Everything in the listing should be transcribed exactly, apart from the pictures.

---------- Dataset extract ----------

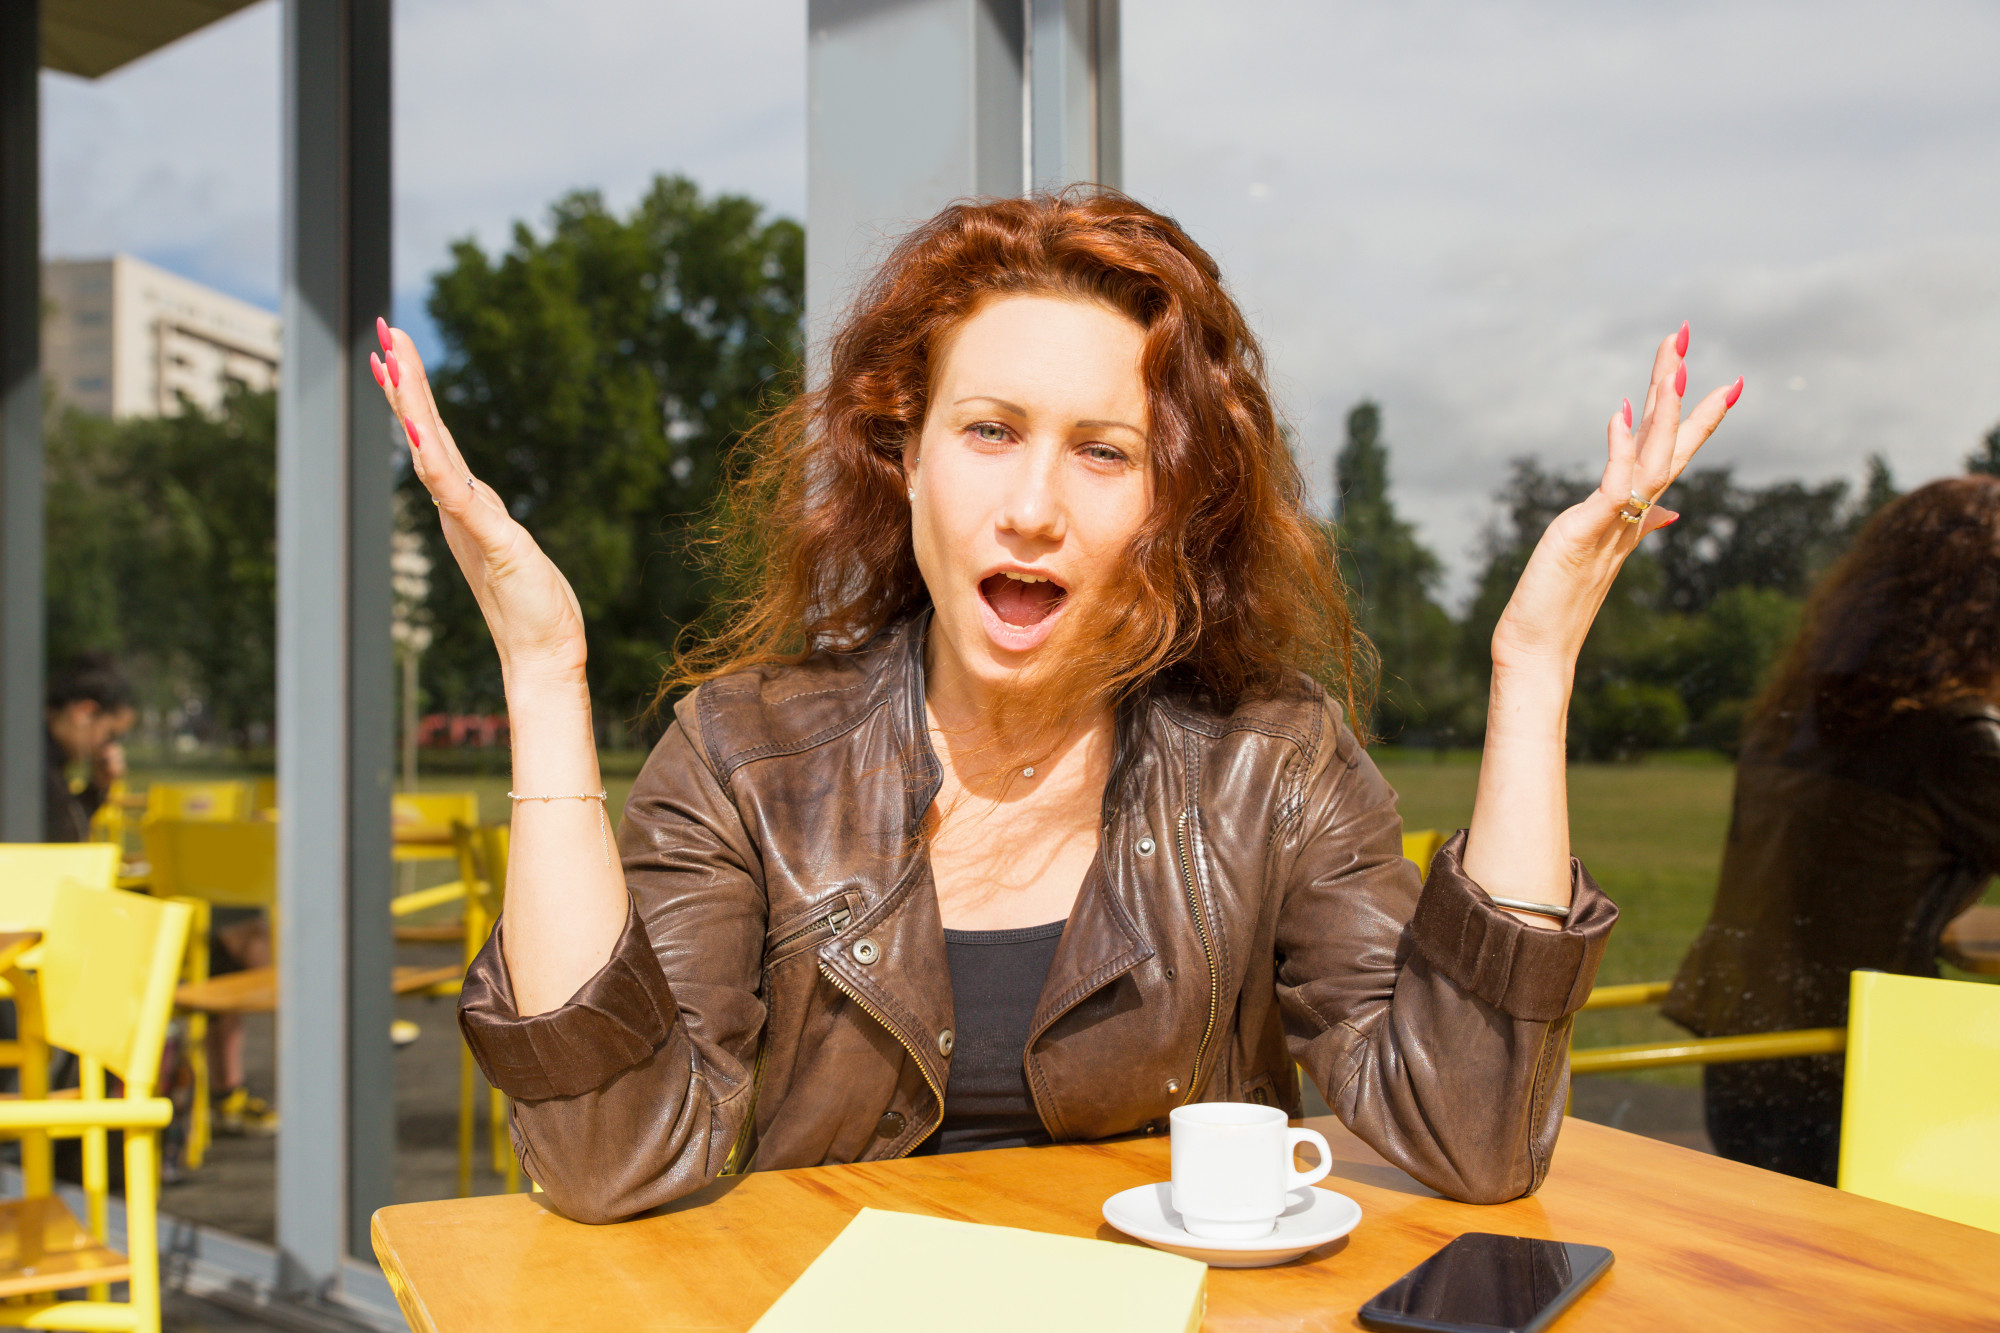 An upset woman gesturing with her hands while talking to someone at a restaurant | Source: Freepik
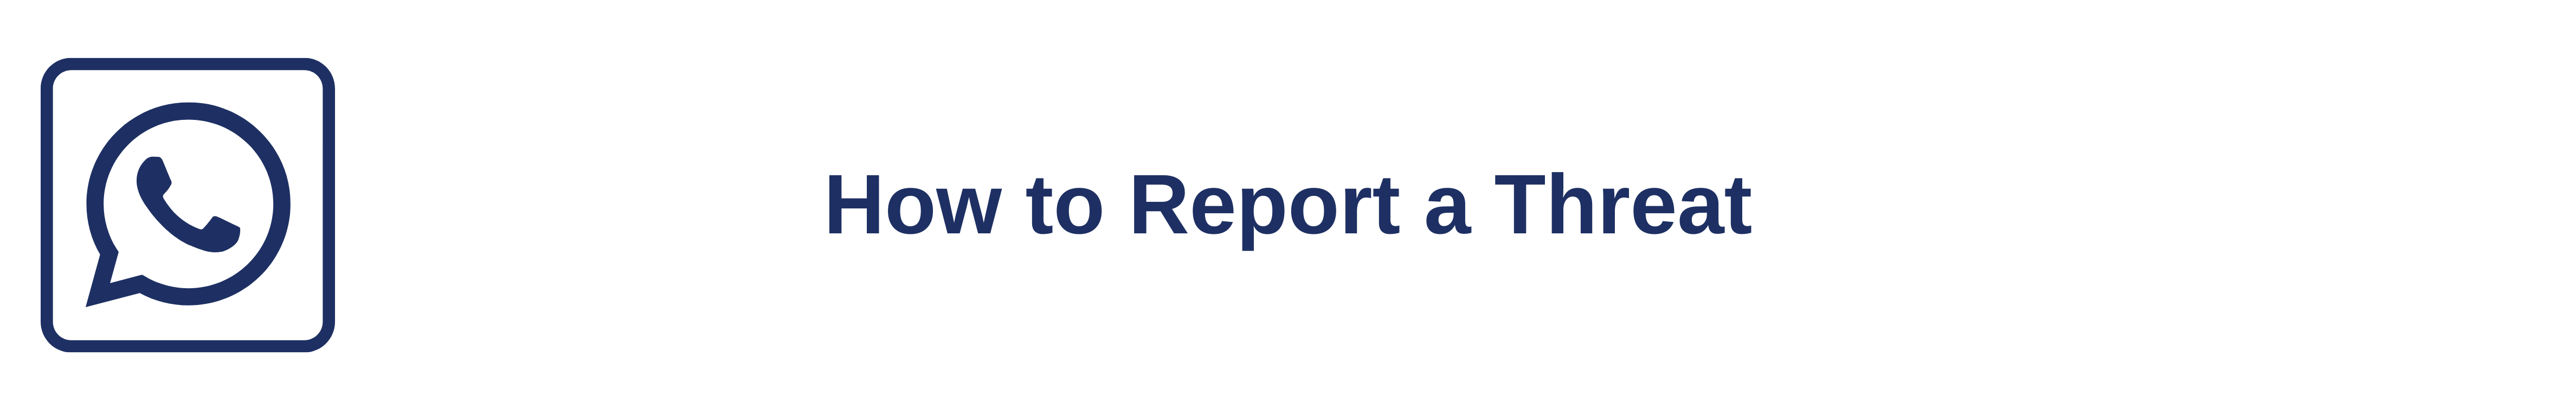 How to Report a Threat
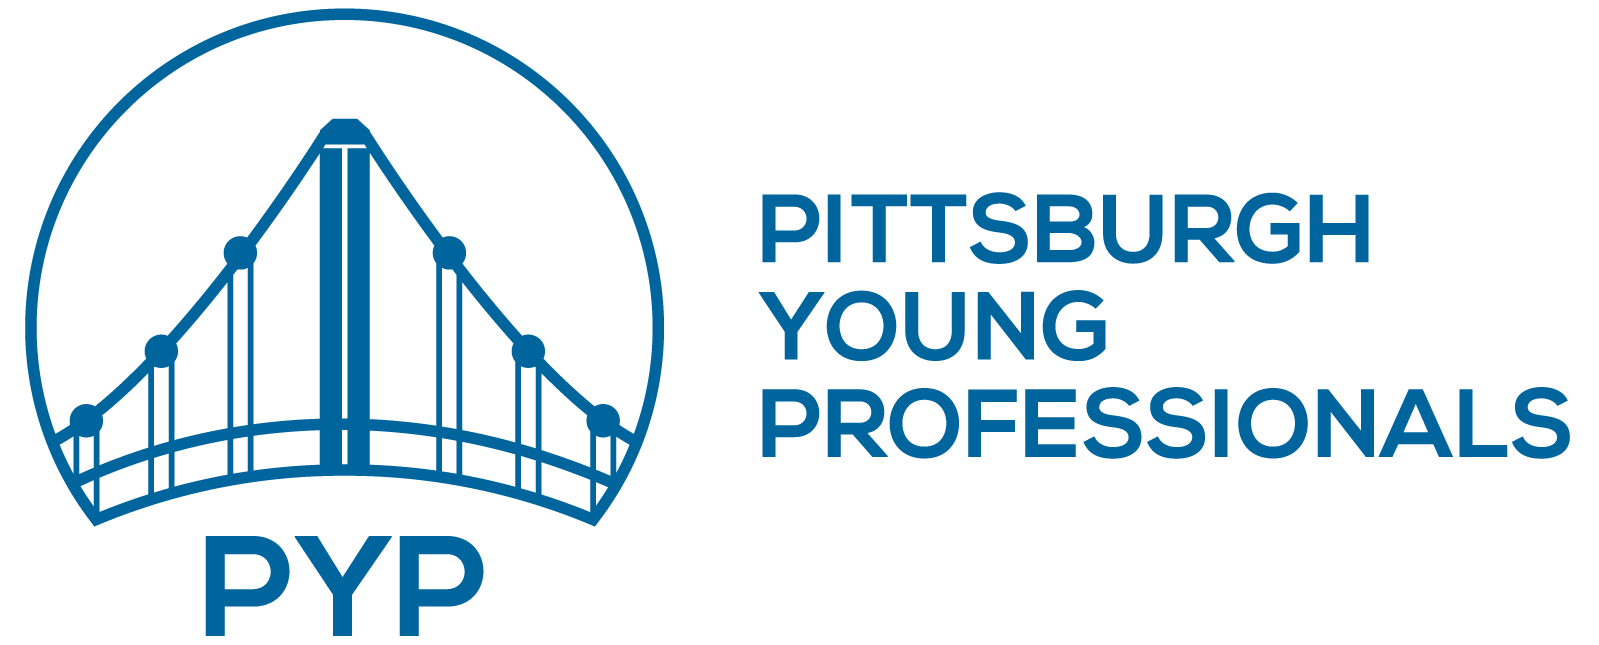 Pinnacle Announces Official Staffing and Recruiting Partnership with Pittsburgh Young Professionals

----------

Answer:
 An upset woman gesturing with her hands while talking to someone at a restaurant | Source: Freepik
 How to Report a Threat
 Pinnacle Announces Official Staffing and Recruiting Partnership with Pittsburgh Young Professionals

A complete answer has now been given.